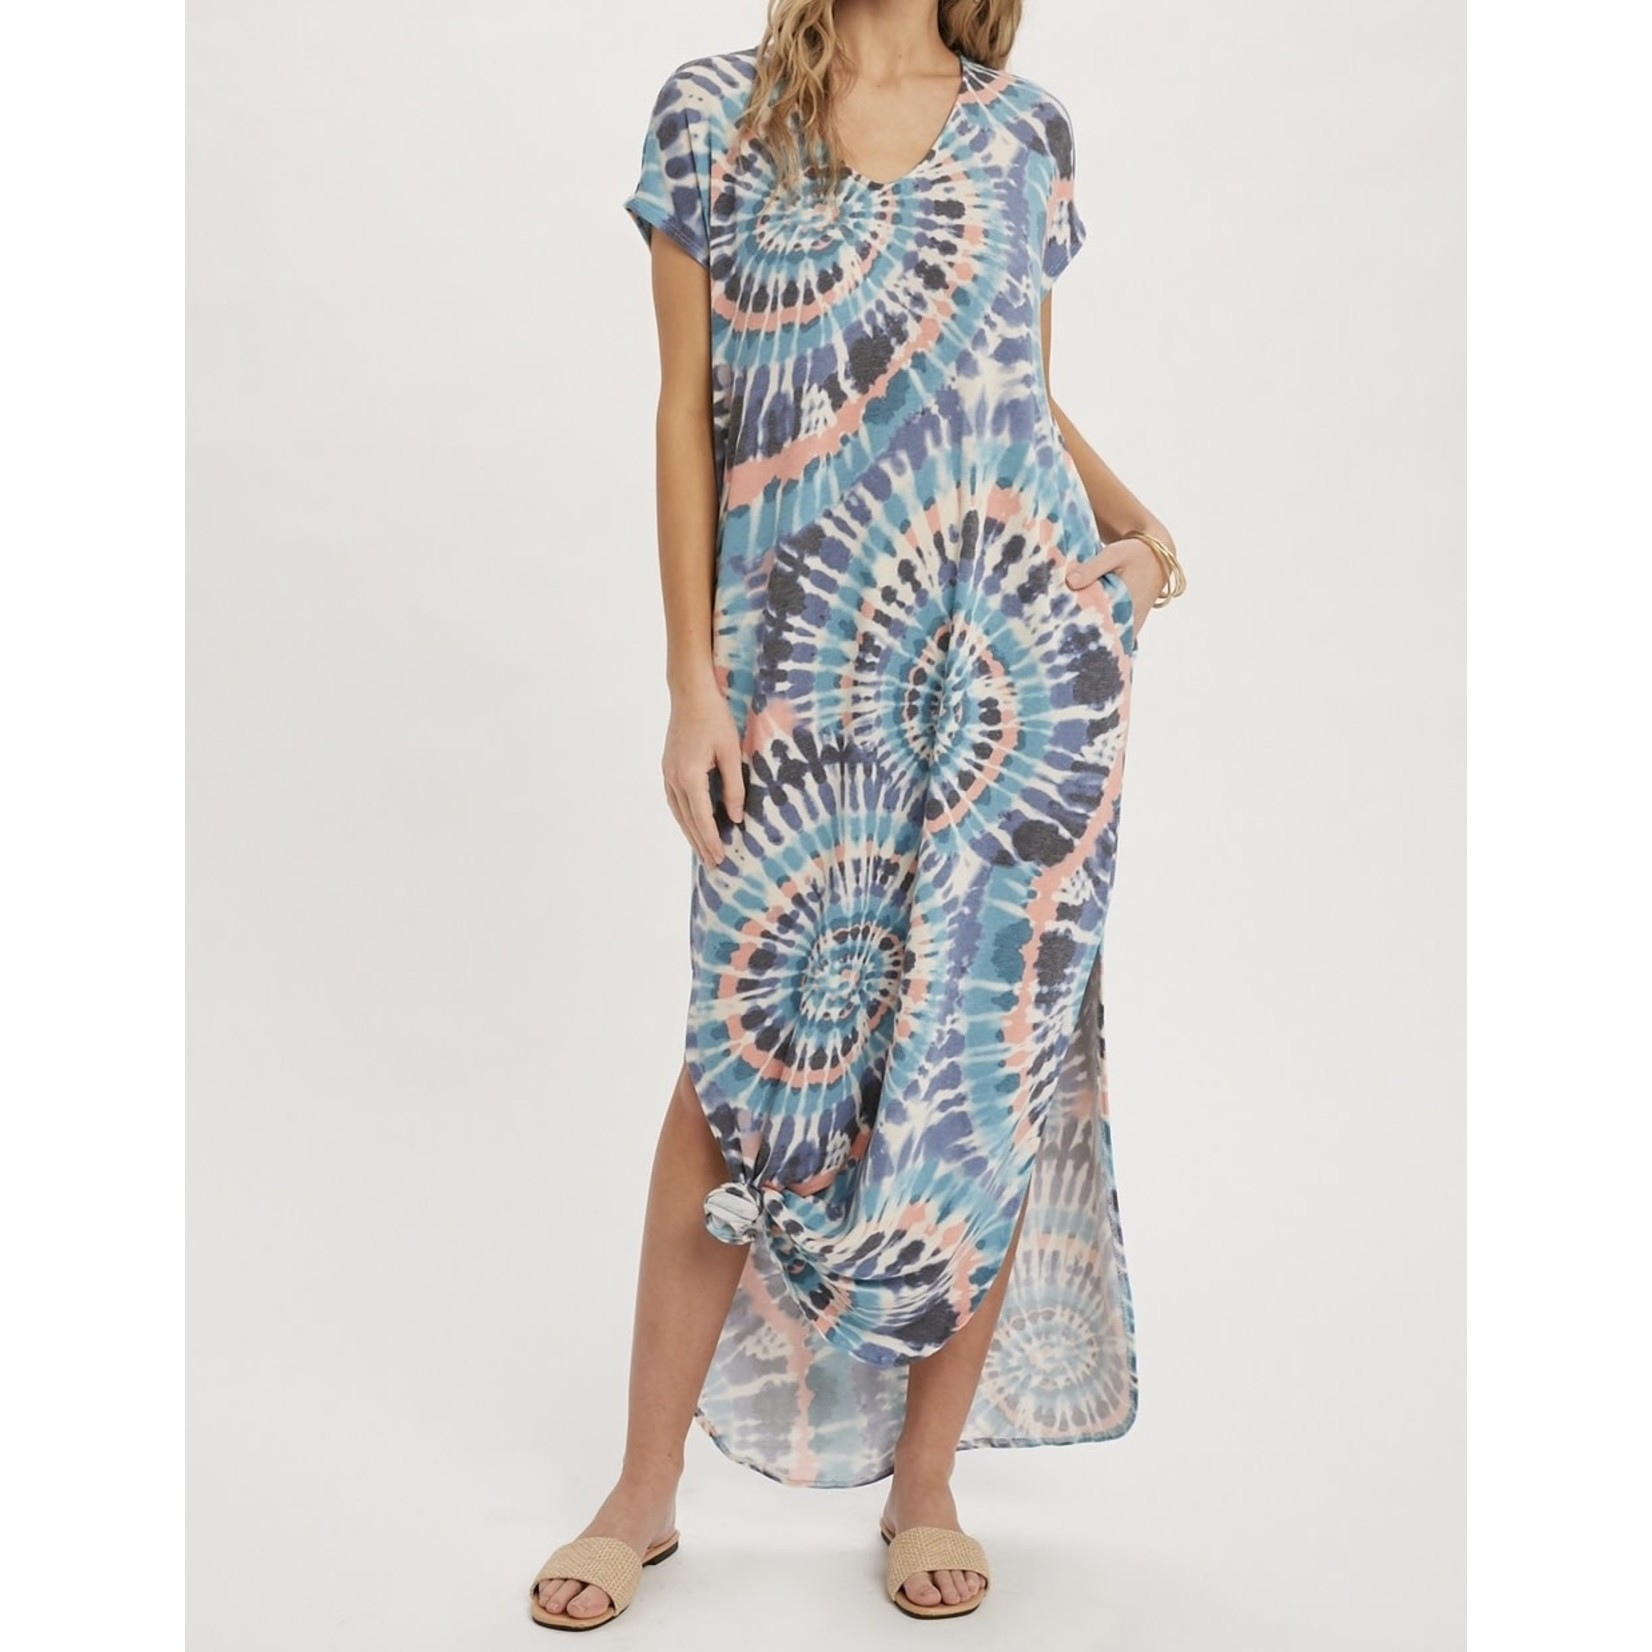 Blueivy Dress: Teal Blue Tie Dye Maxi + Pockets
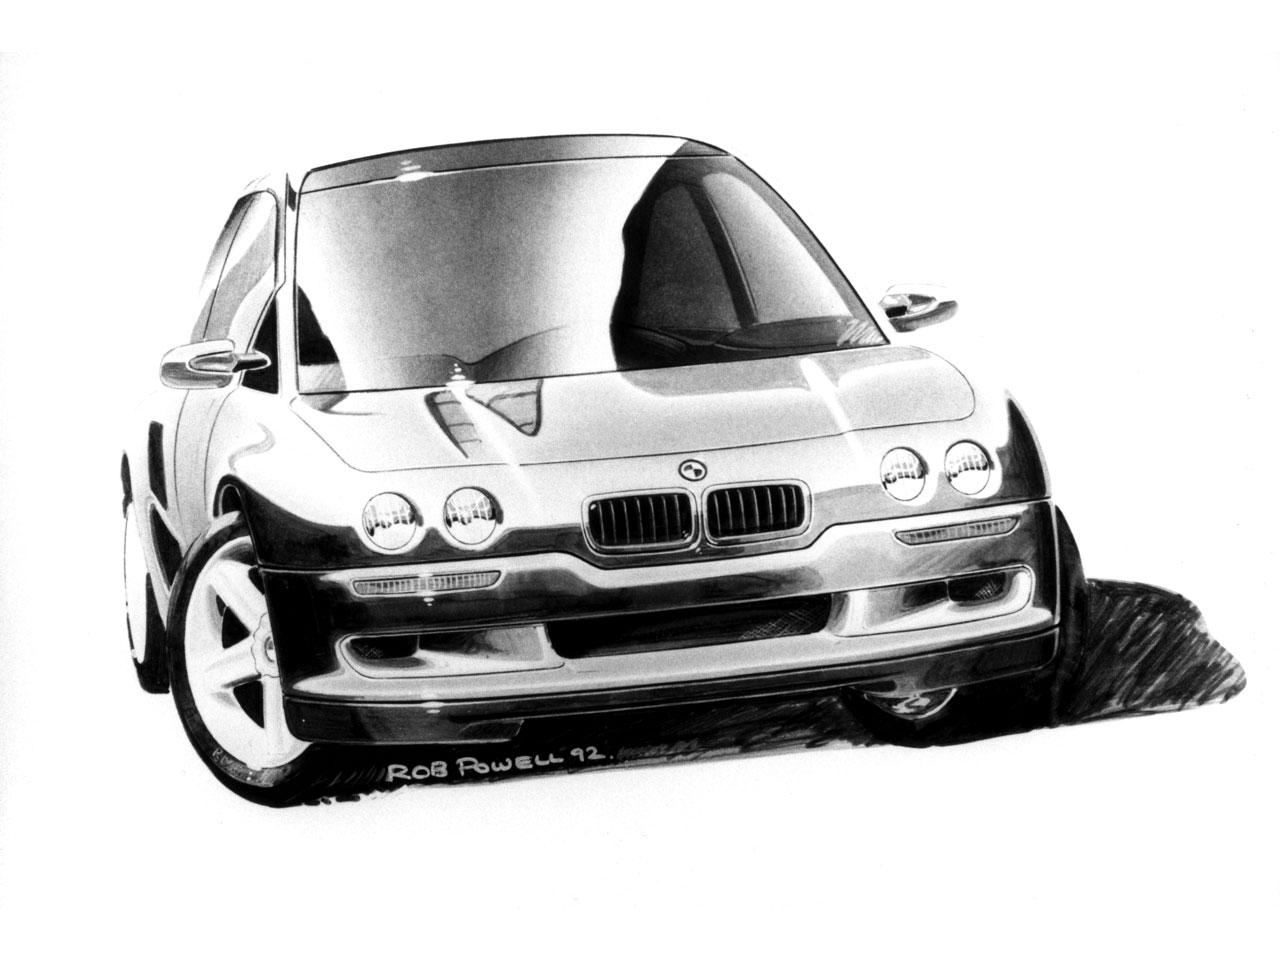 1994 BMW Z13 - Concepts
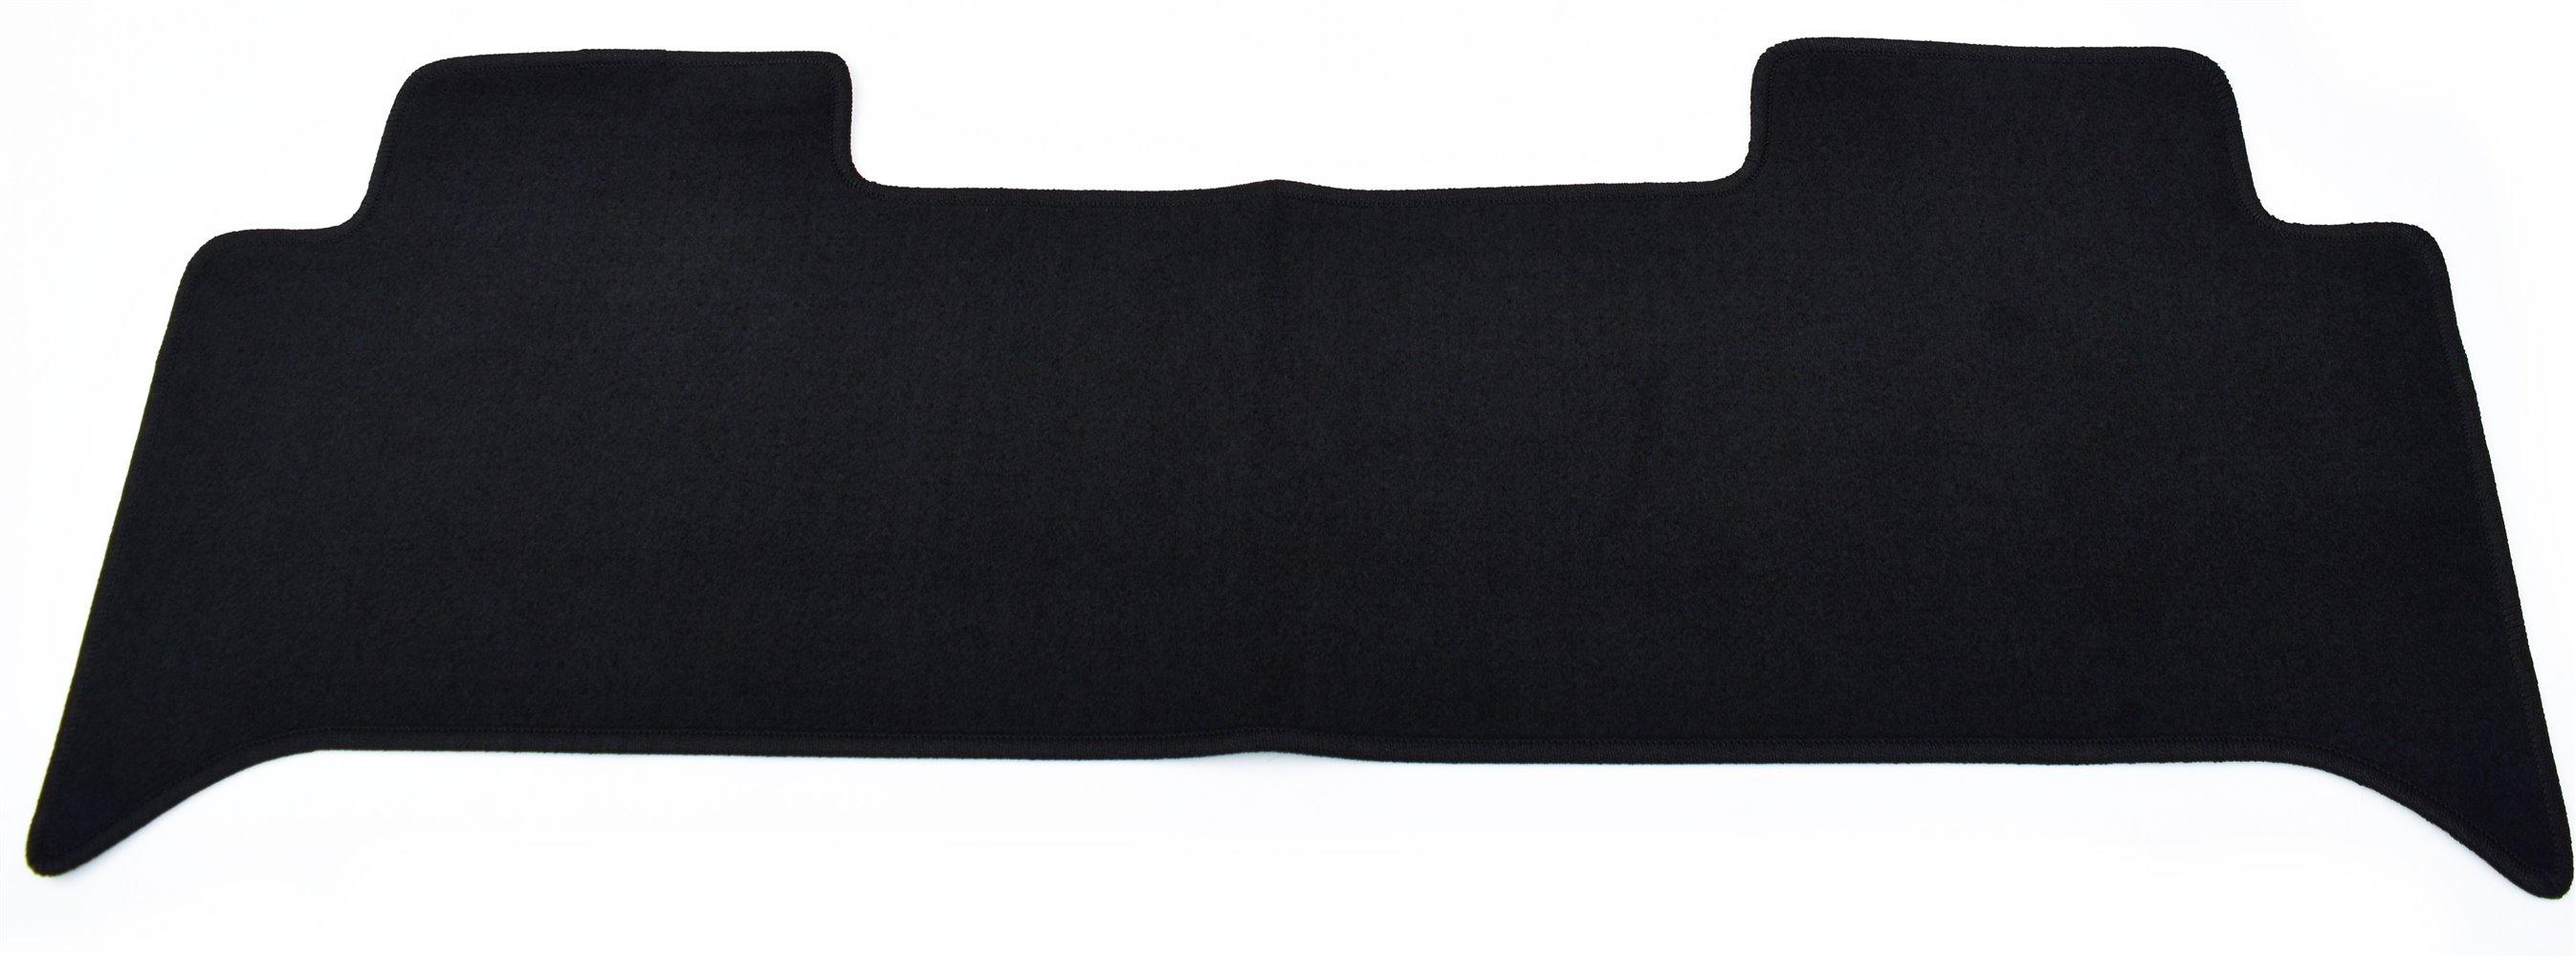 Коврики салона ворс чёрные Range Rover Vogue 2002-2012
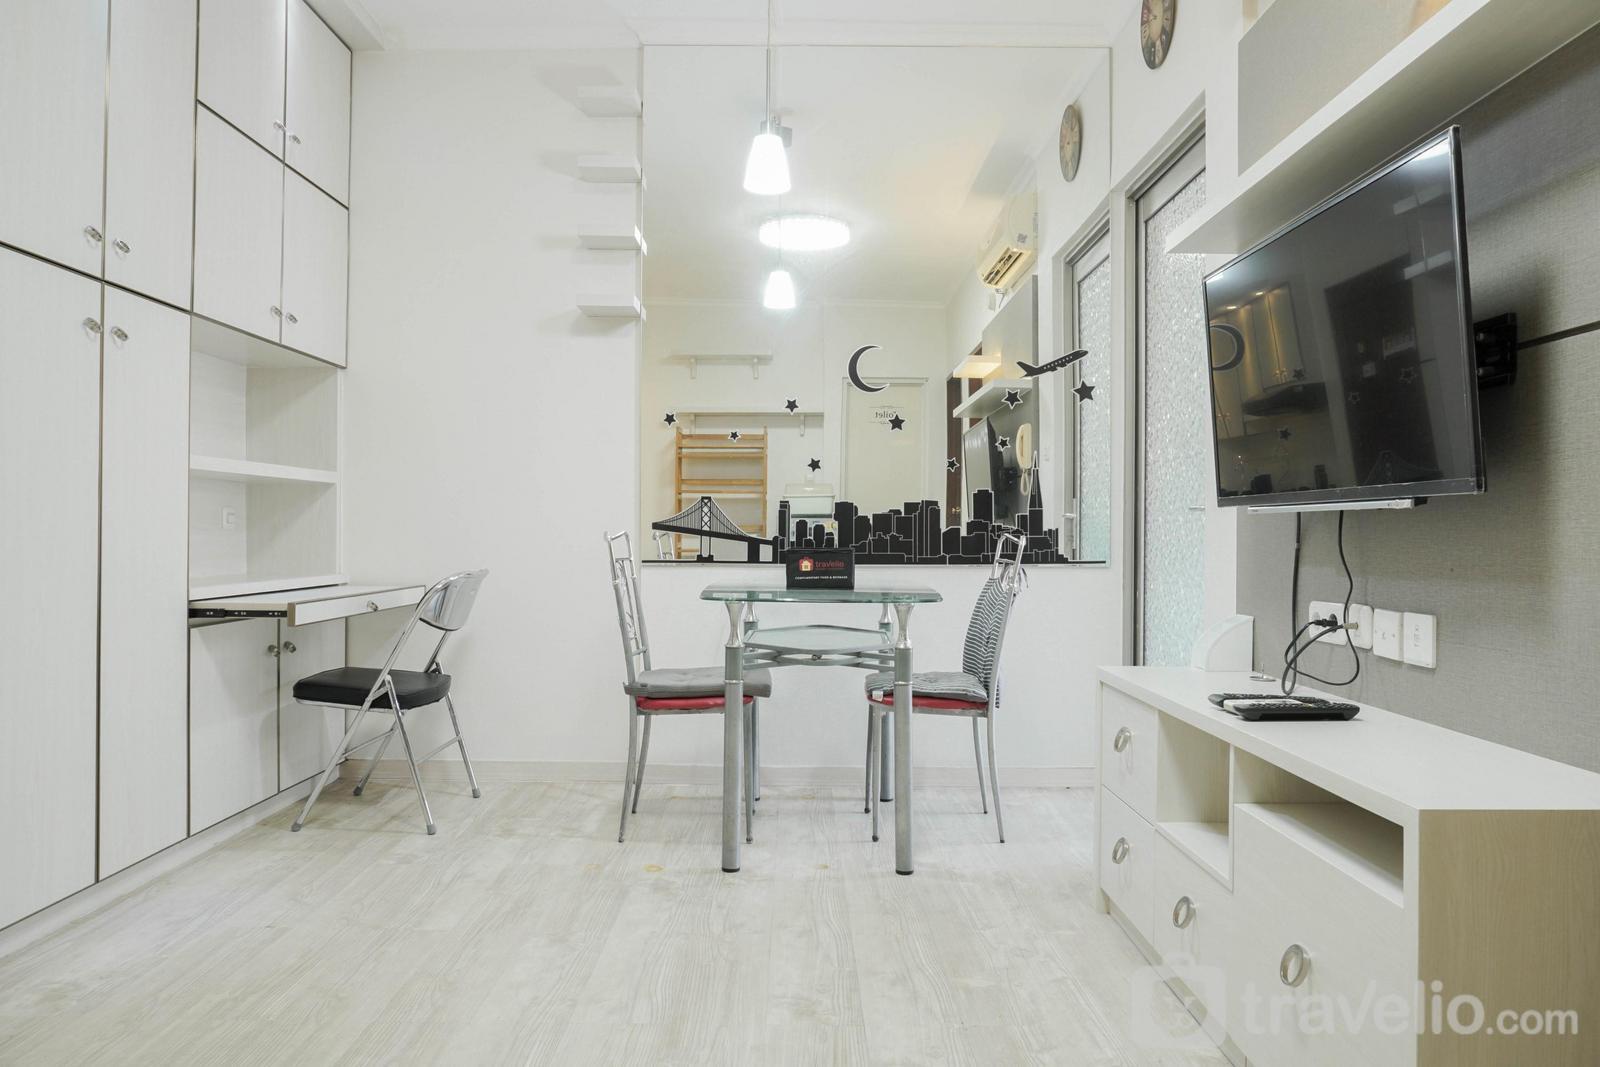 Apartemen Mediterania Garden Residence 1 - Comfy 2BR Apartment at Mediterania Garden Residence 1 By Travelio
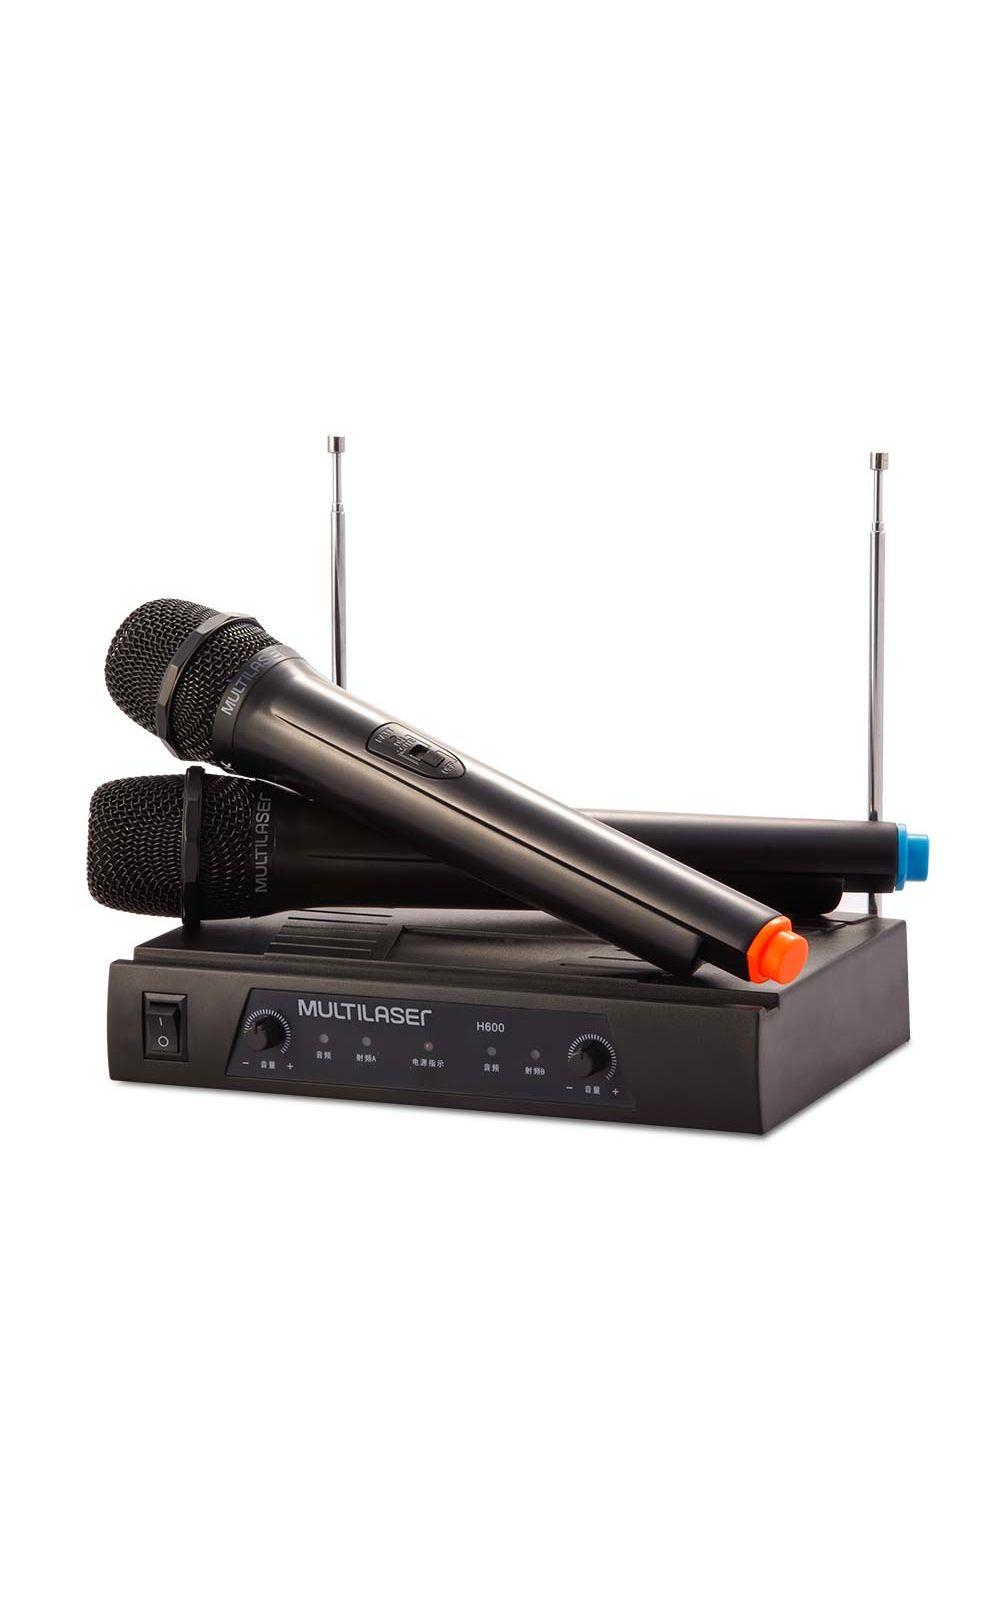 Foto 1 - Par de Microfone sem Fio Alcance de até 8M + Receiver Preto Multilaser - SP328

*Task to carry out*
Each line from the one containing "Apartemen Mediterania Garden" through the end of the listing is to be set down exactly, with all pictures left out.

*Answer area*
 Apartemen Mediterania Garden Residence 1 - Comfy 2BR Apartment at Mediterania Garden Residence 1 By Travelio
 Foto 1 - Par de Microfone sem Fio Alcance de até 8M + Receiver Preto Multilaser - SP328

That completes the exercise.